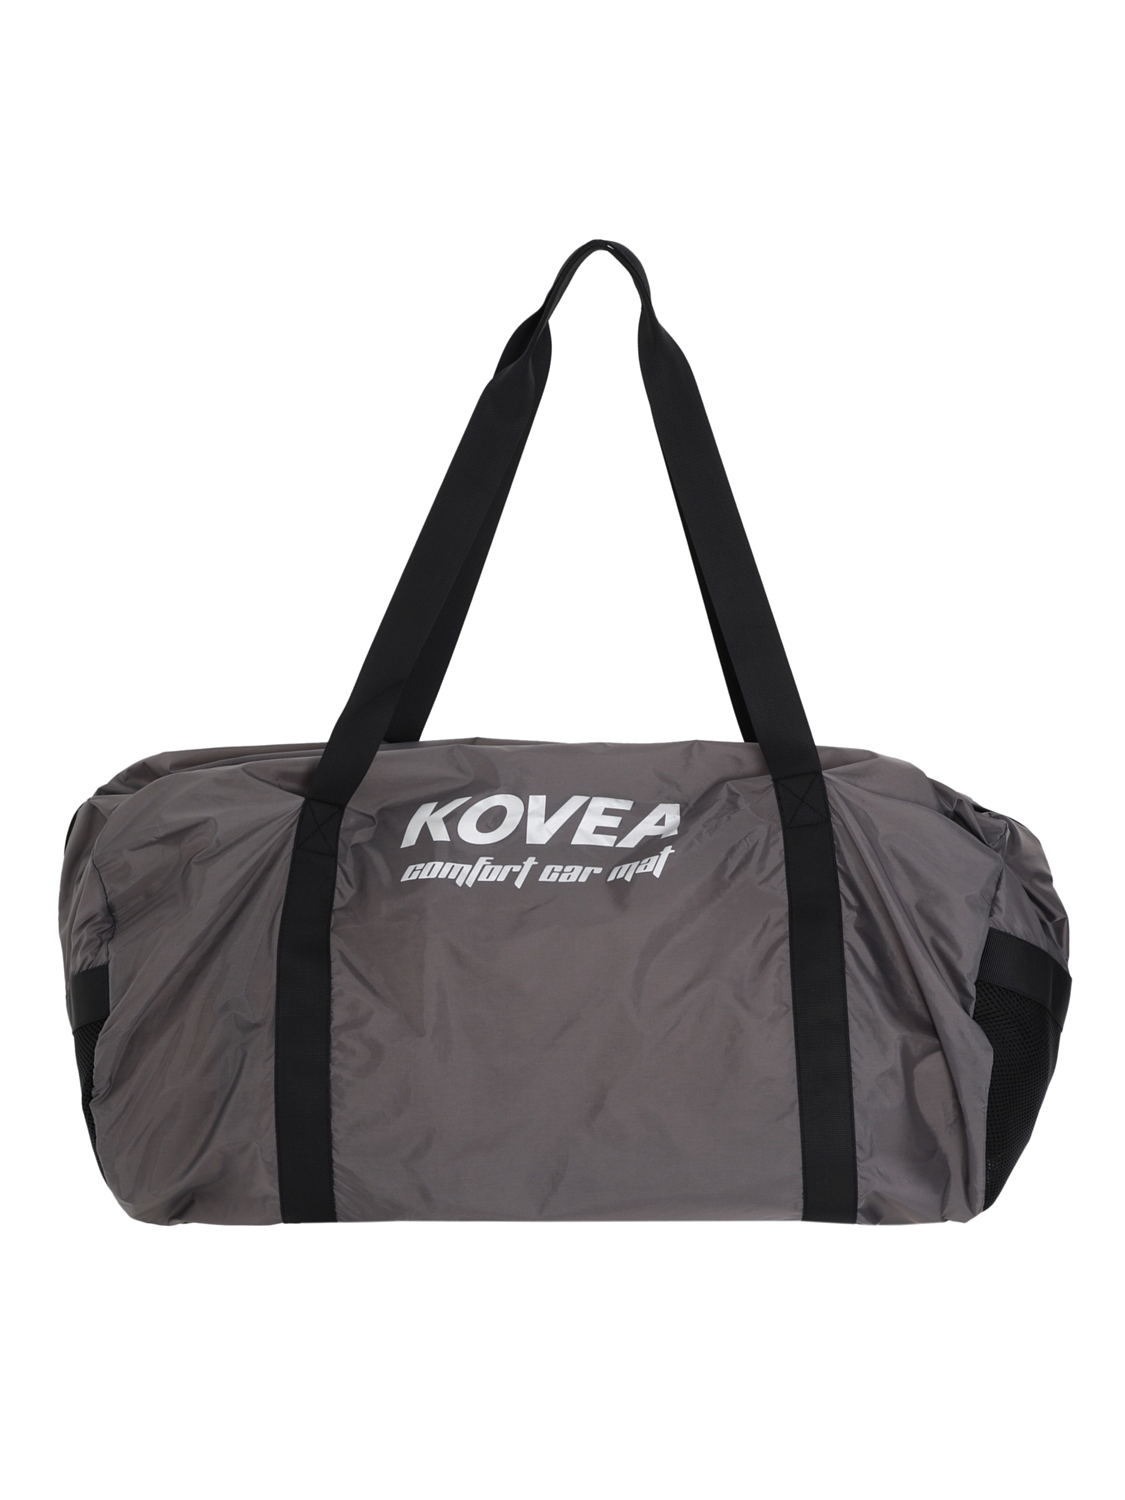 Коврик надувной Kovea Comfort Car Mat
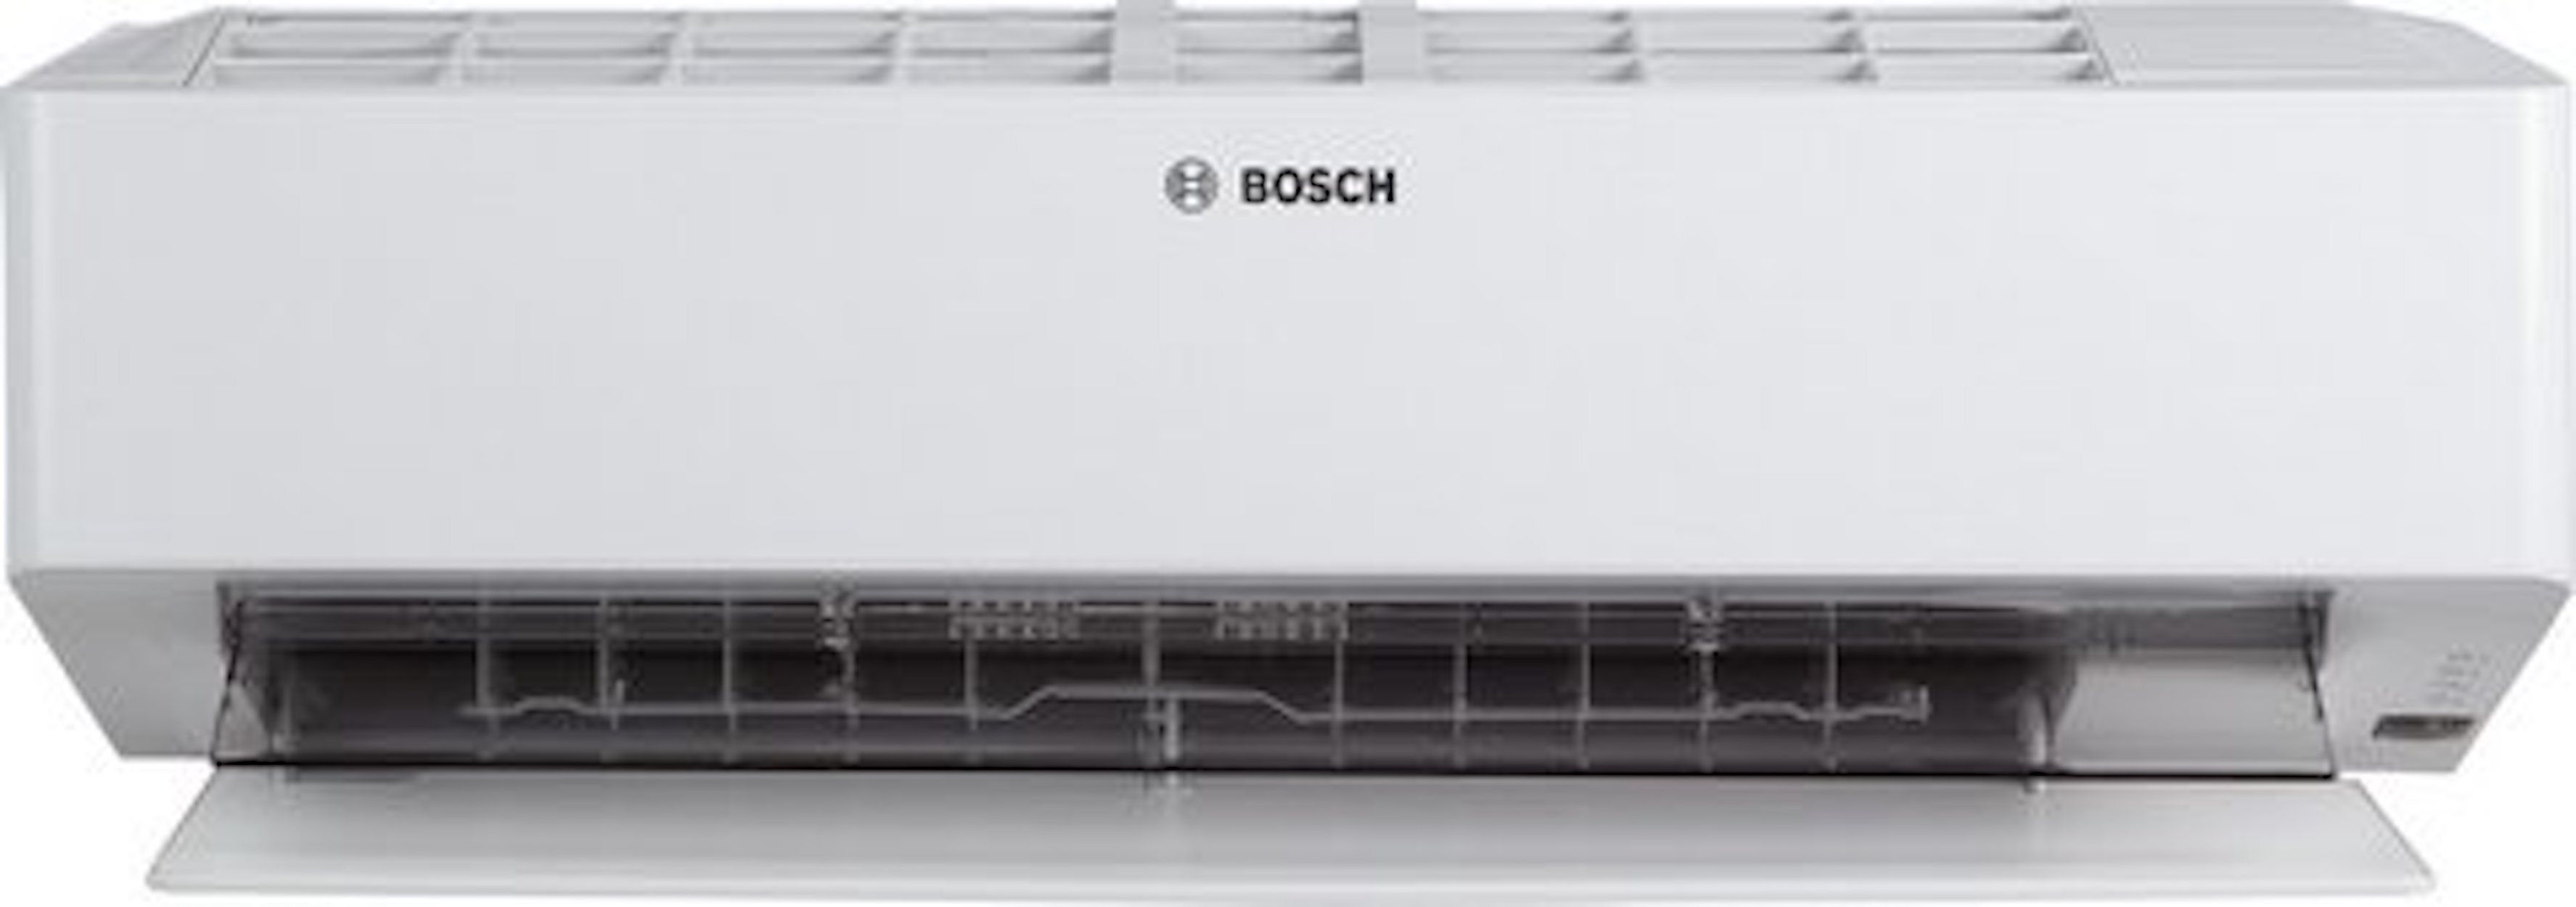 BOSCH Klimagerät CL8000i-W 25 E, Split Inneneinheit, 2,5 kW, Coanda Air Flow
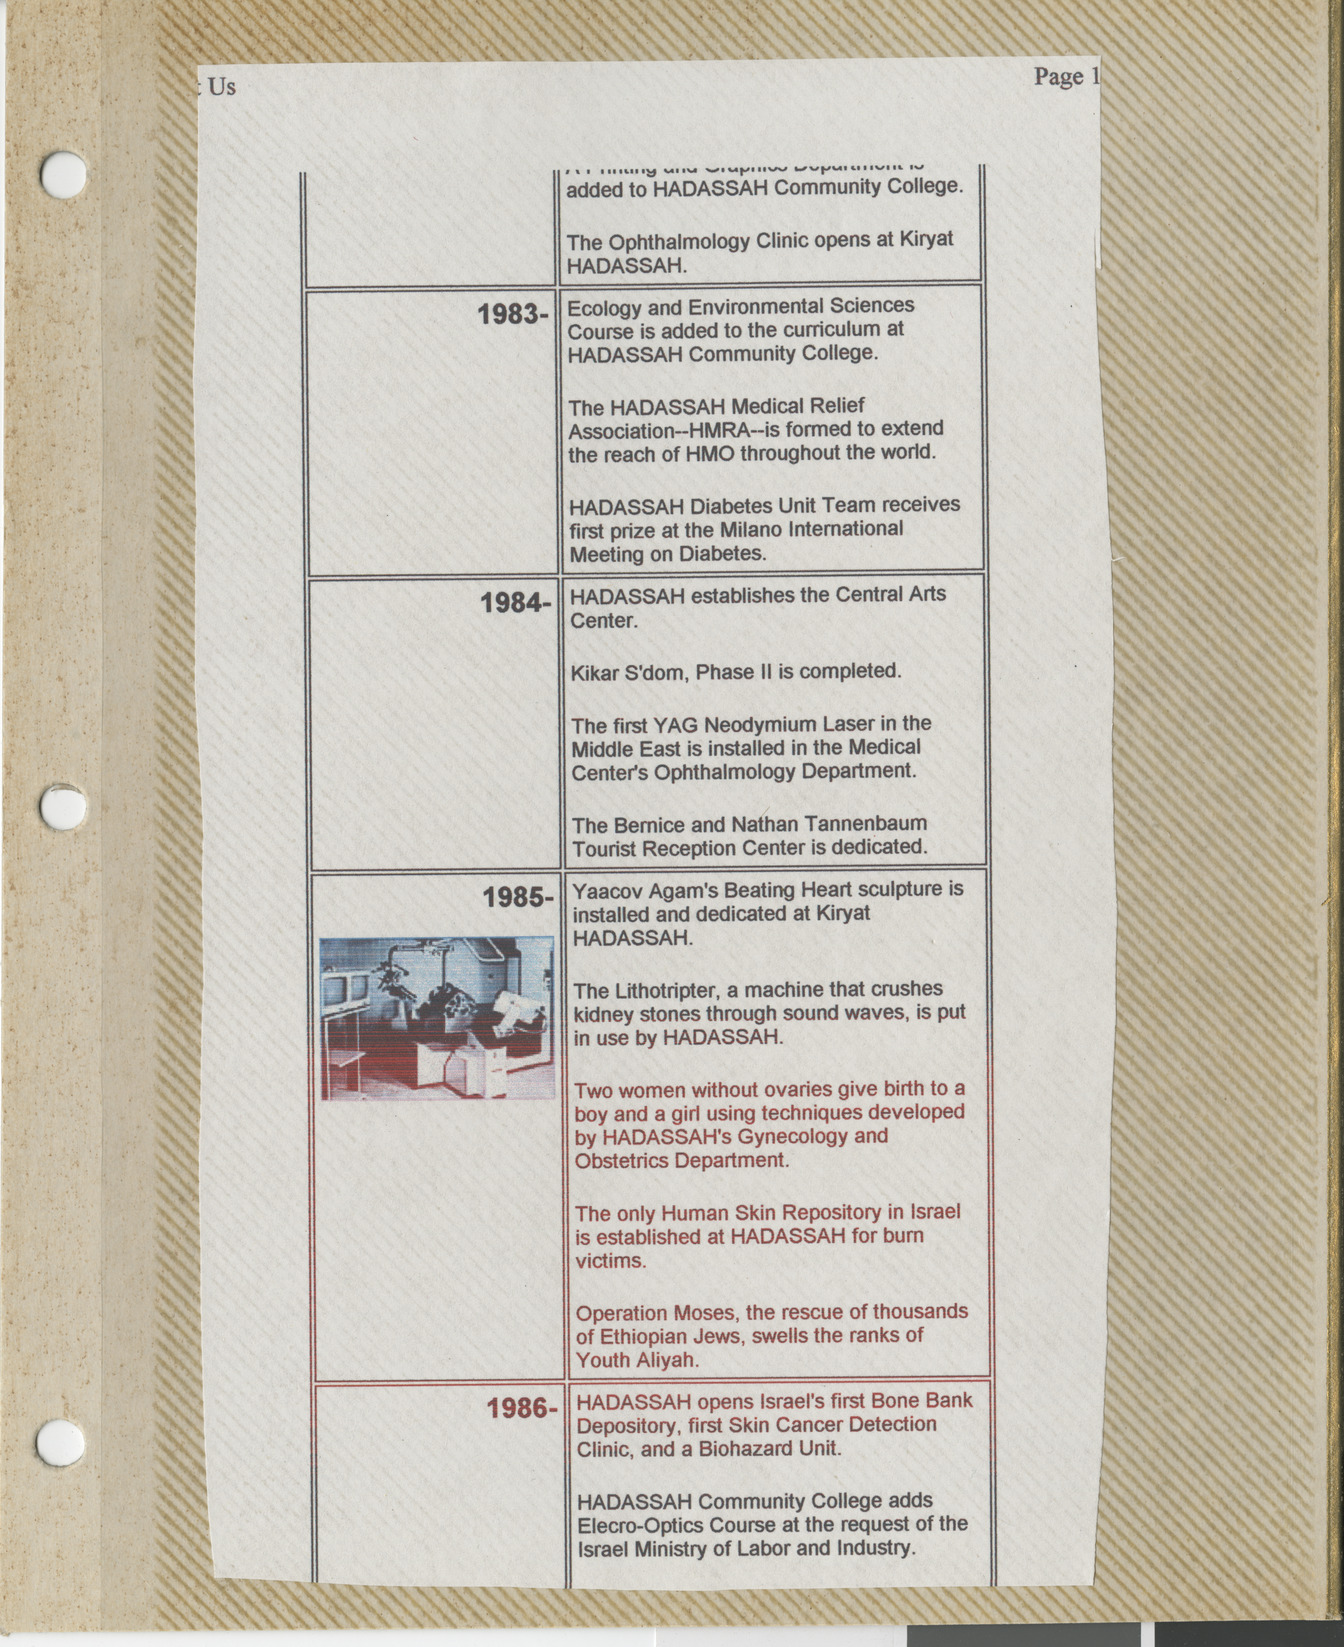 Clipping, Hadassah timeline 1983-1986

++++++++

TASK BRIEF:
Return the listing above word for word, with the pictures removed.

ANSWER TO THE PROBLEM:
 Коврик надувной Kovea Comfort Car Mat
 BOSCH Klimagerät CL8000i-W 25 E, Split Inneneinheit, 2,5 kW, Coanda Air Flow
 Clipping, Hadassah timeline 1983-1986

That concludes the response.